*** Block opens ***

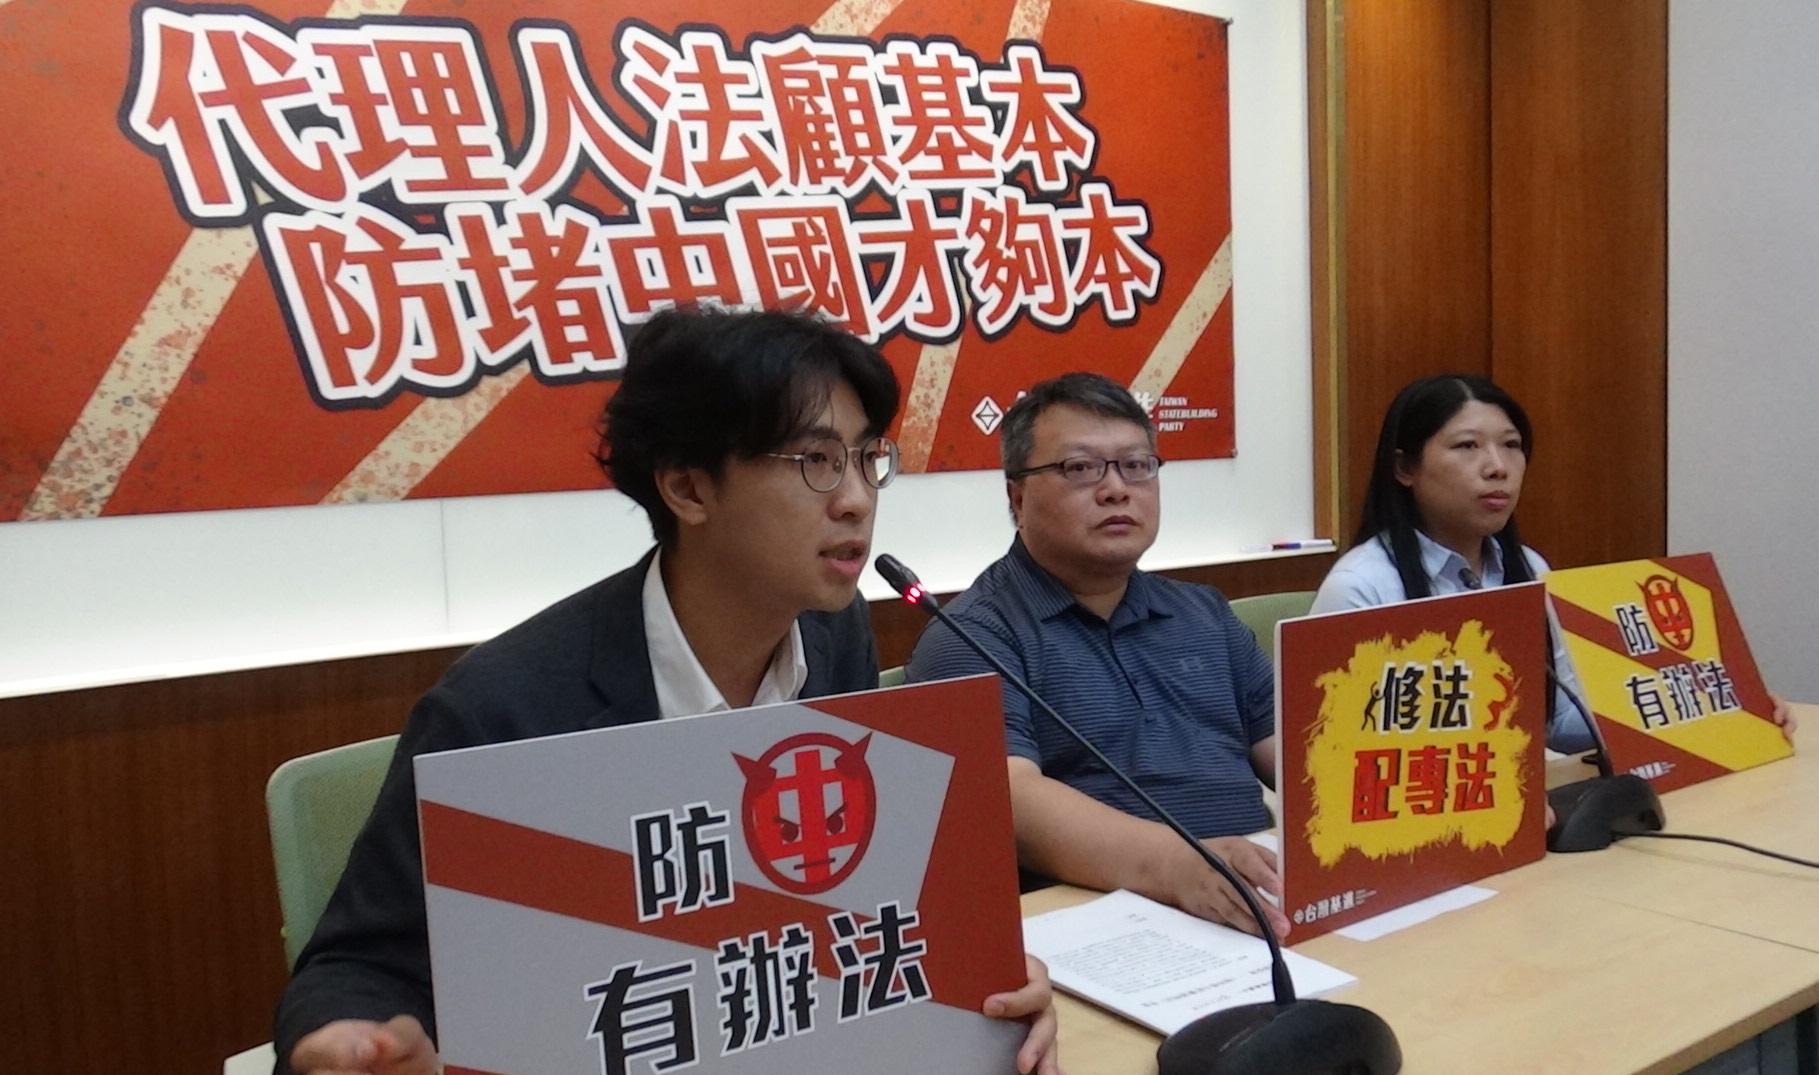 台湾基进党台北市党部新闻部主任林宥铭(左)19号公布《境外势力影响透明法》草案。(记者夏小华摄)
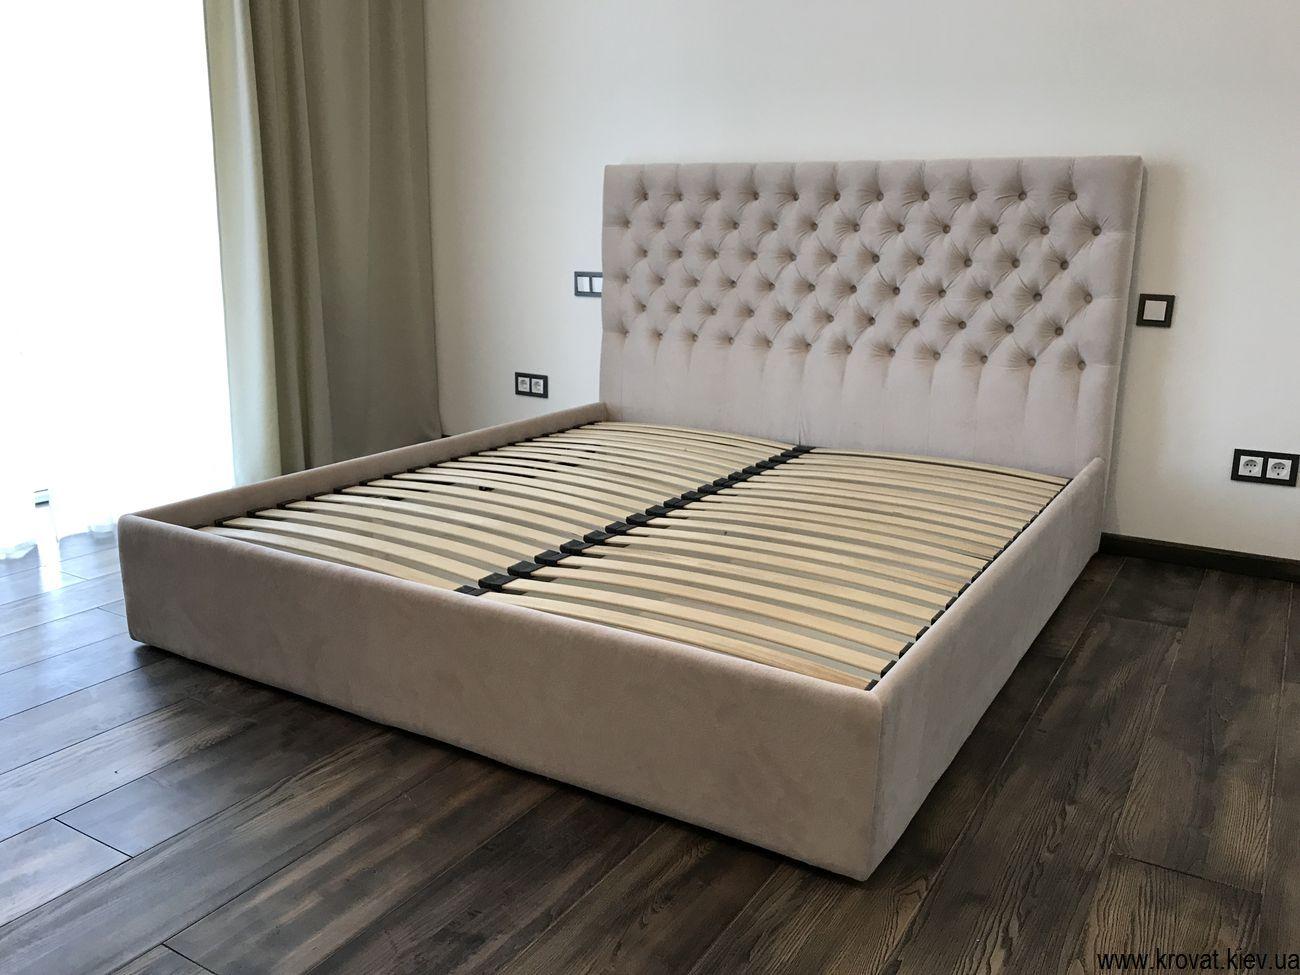 кровать в ткани пони бежевого цвета
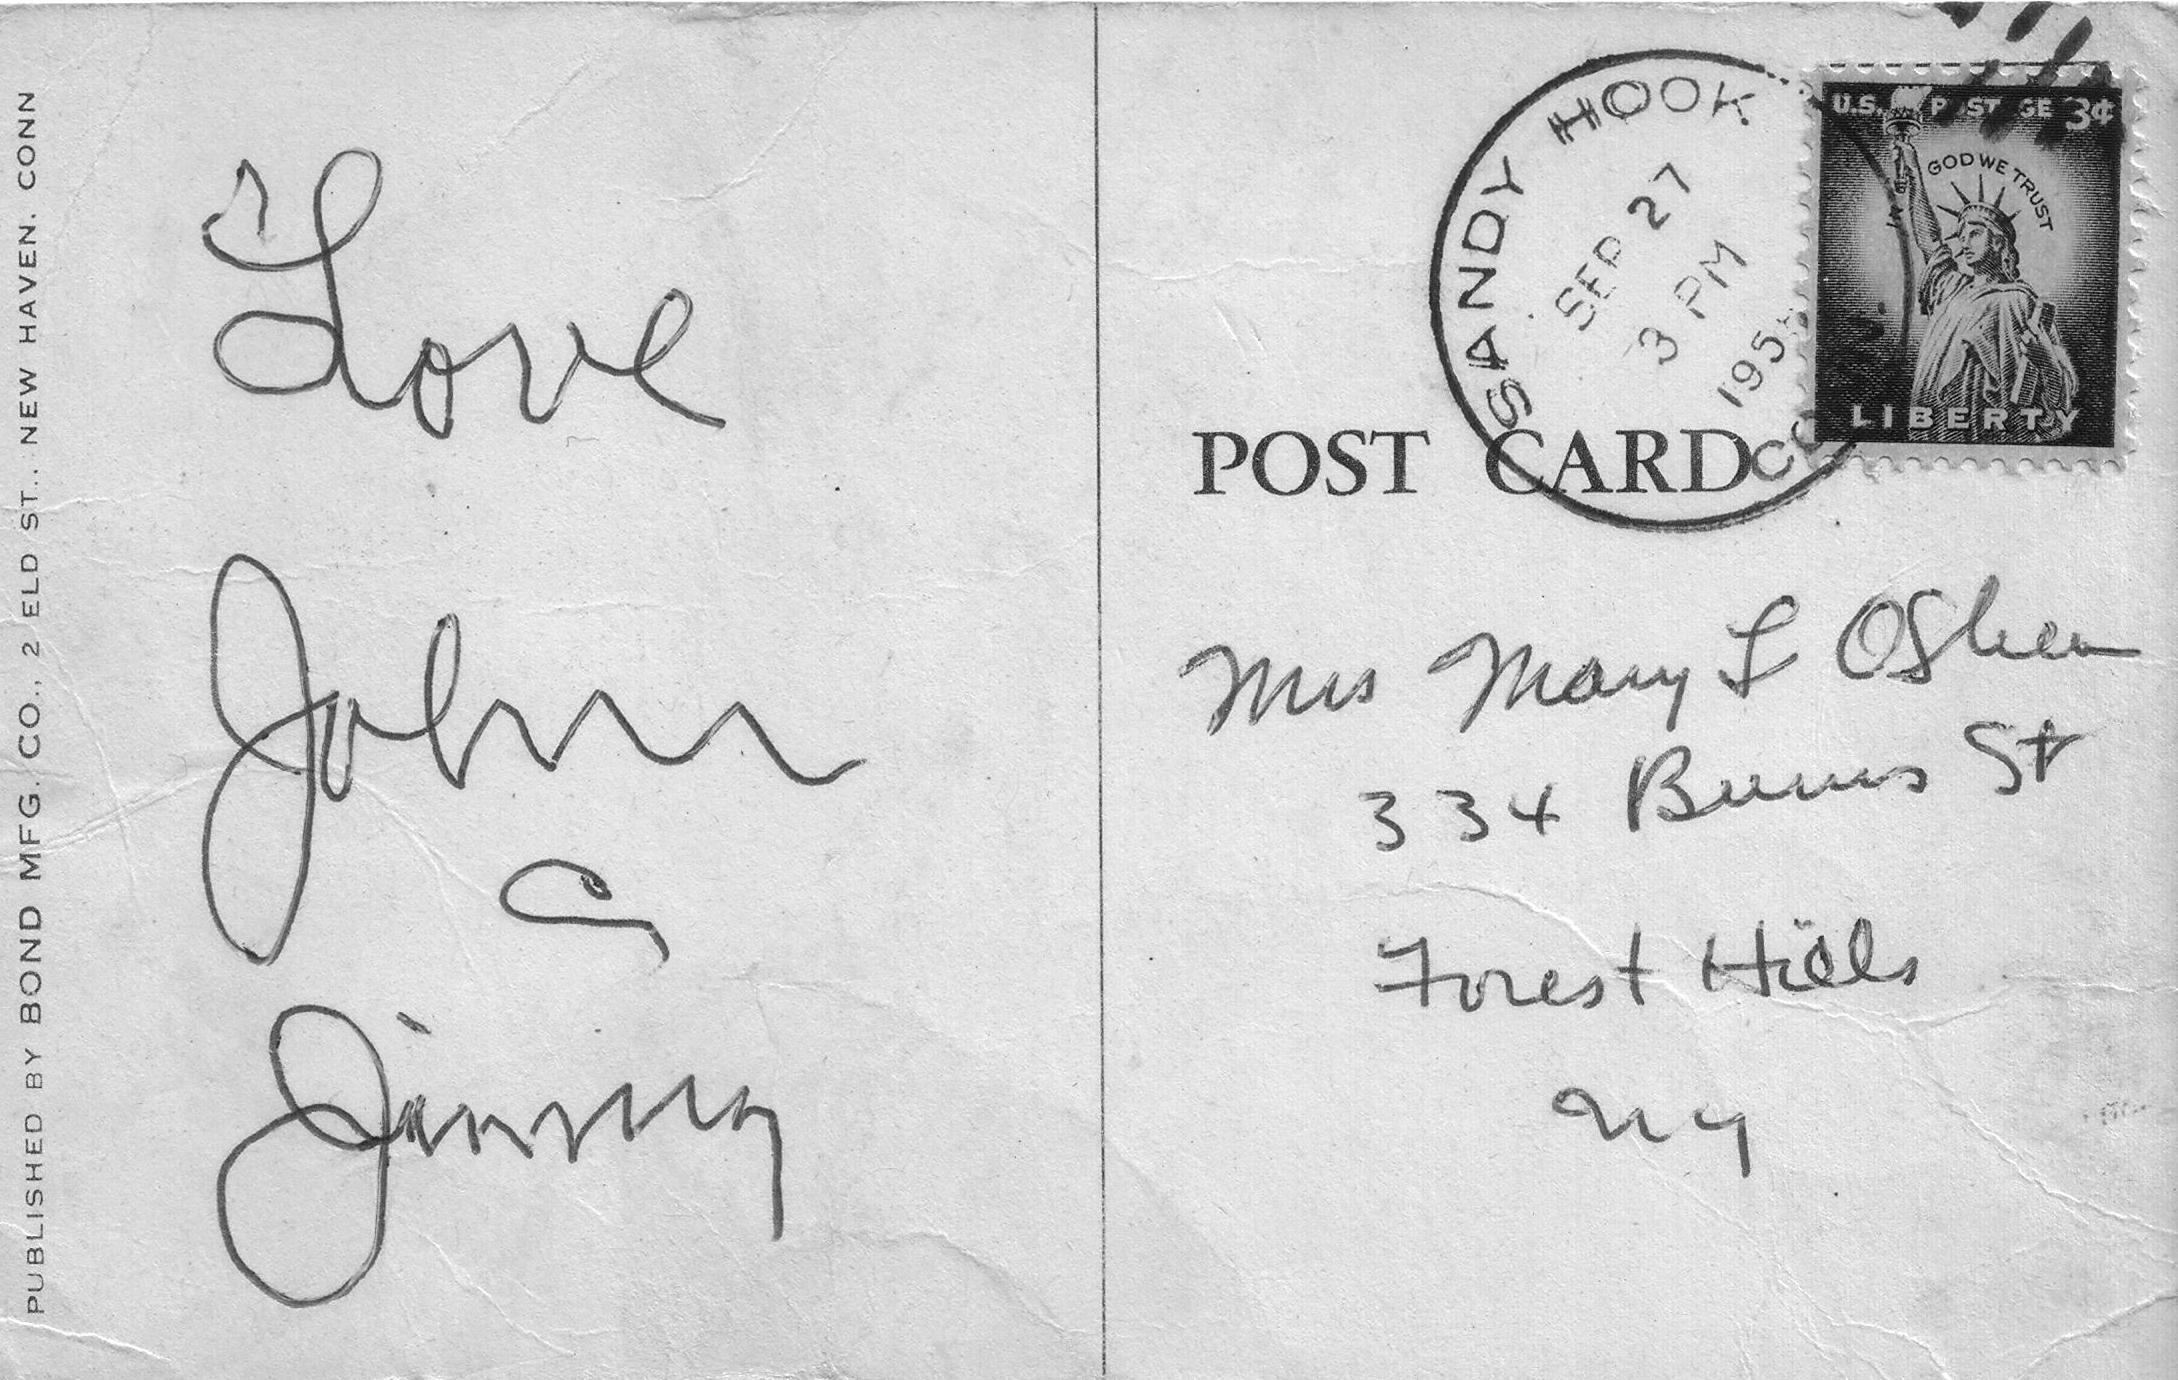 sandy-hook-ct-postcard-back
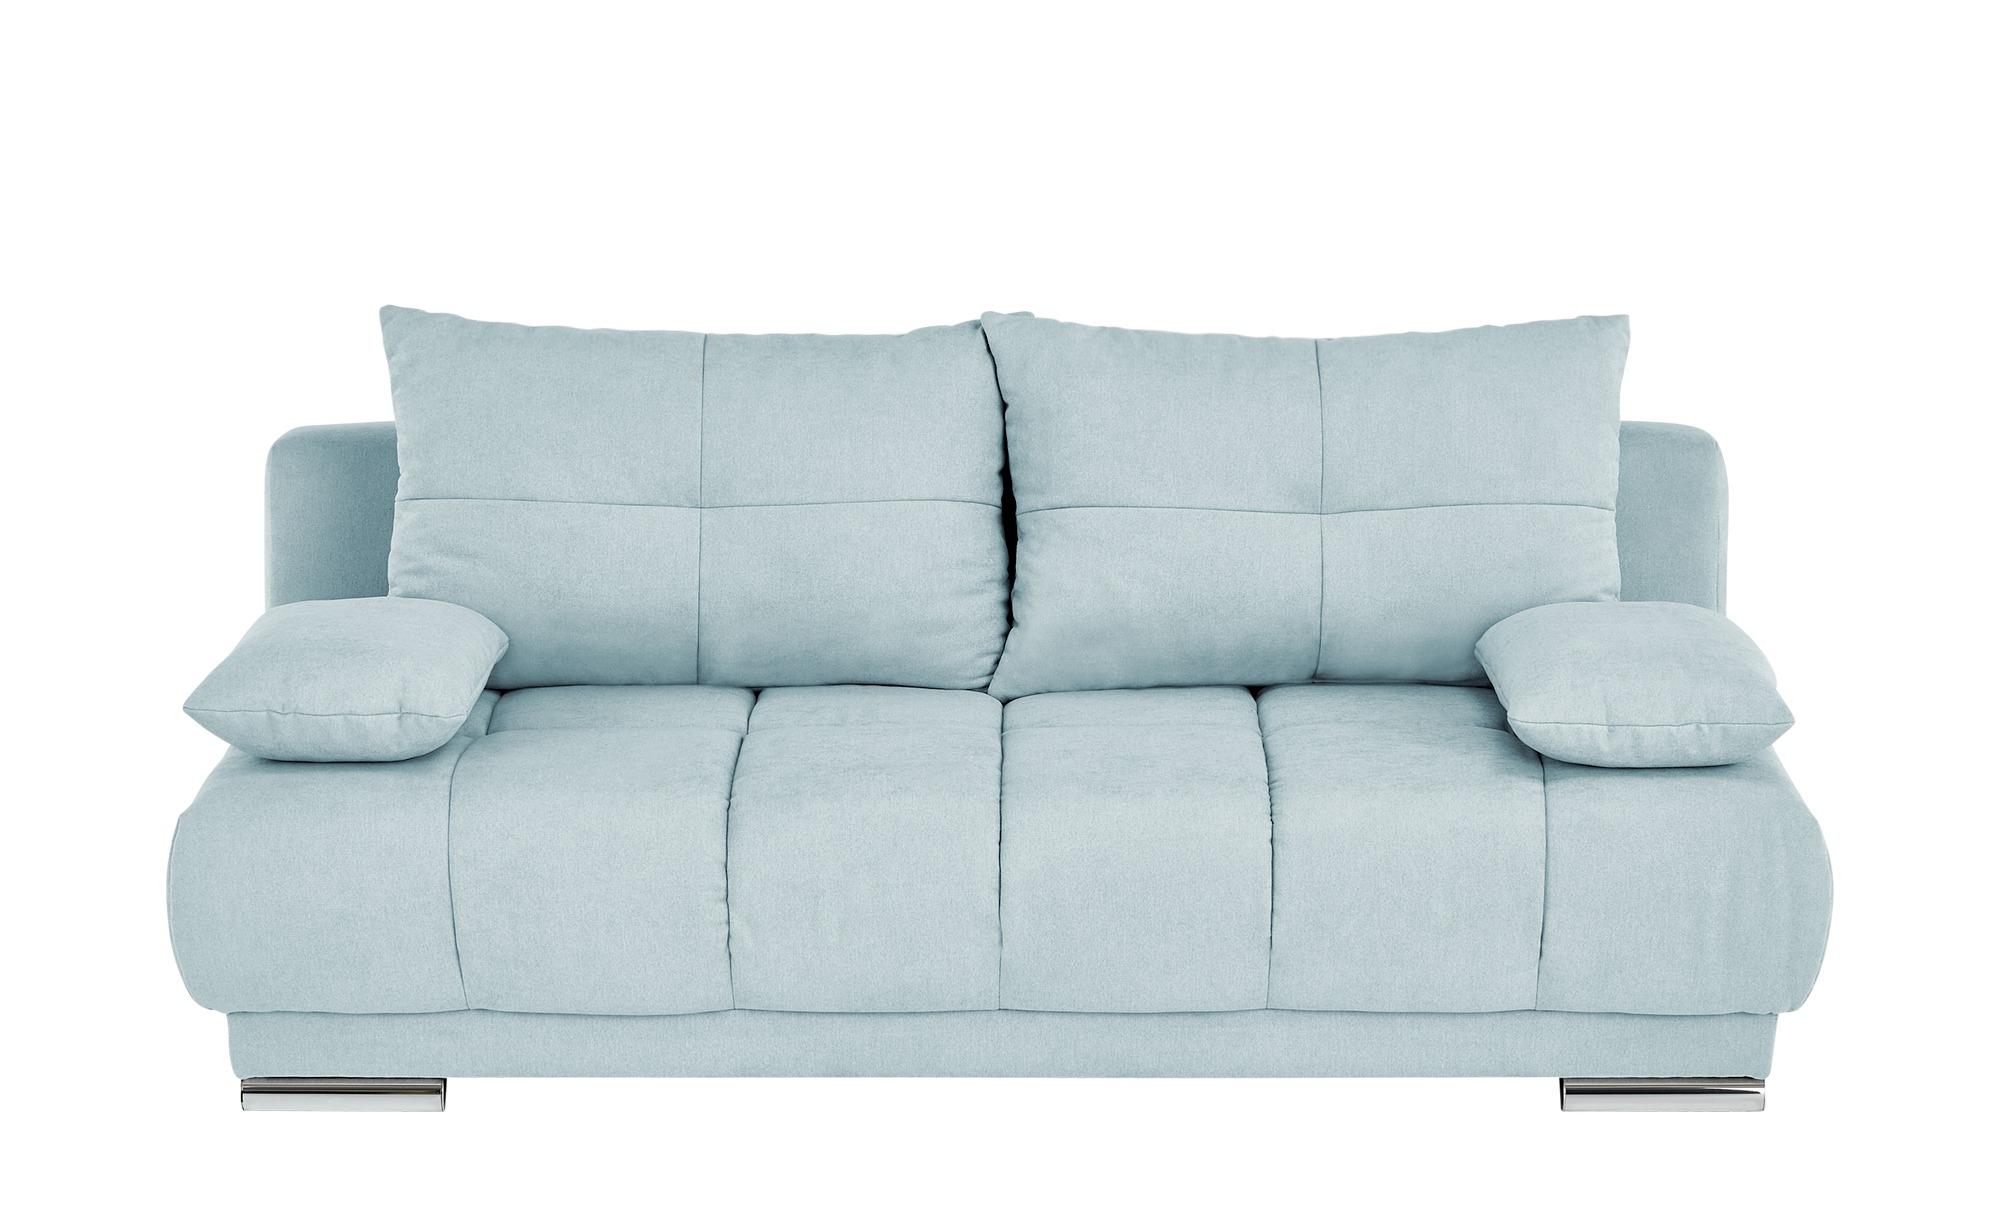 bobb Schlafsofa  Isalie de Luxe ¦ blau ¦ Maße (cm): B: 206 H: 92 T: 105 Polstermöbel > Sofas > Einzelsofas - Höffner

*** Block closes ***

__Description of the task__.
Find the line holding "кровать в ткани пони бежевого цвета" in the data above. Retype it and every later line exactly, through the end, but not the pictures.

__Result below__.
 кровать в ткани пони бежевого цвета
 sandy-hook-ct-postcard-back
 bobb Schlafsofa  Isalie de Luxe ¦ blau ¦ Maße (cm): B: 206 H: 92 T: 105 Polstermöbel > Sofas > Einzelsofas - Höffner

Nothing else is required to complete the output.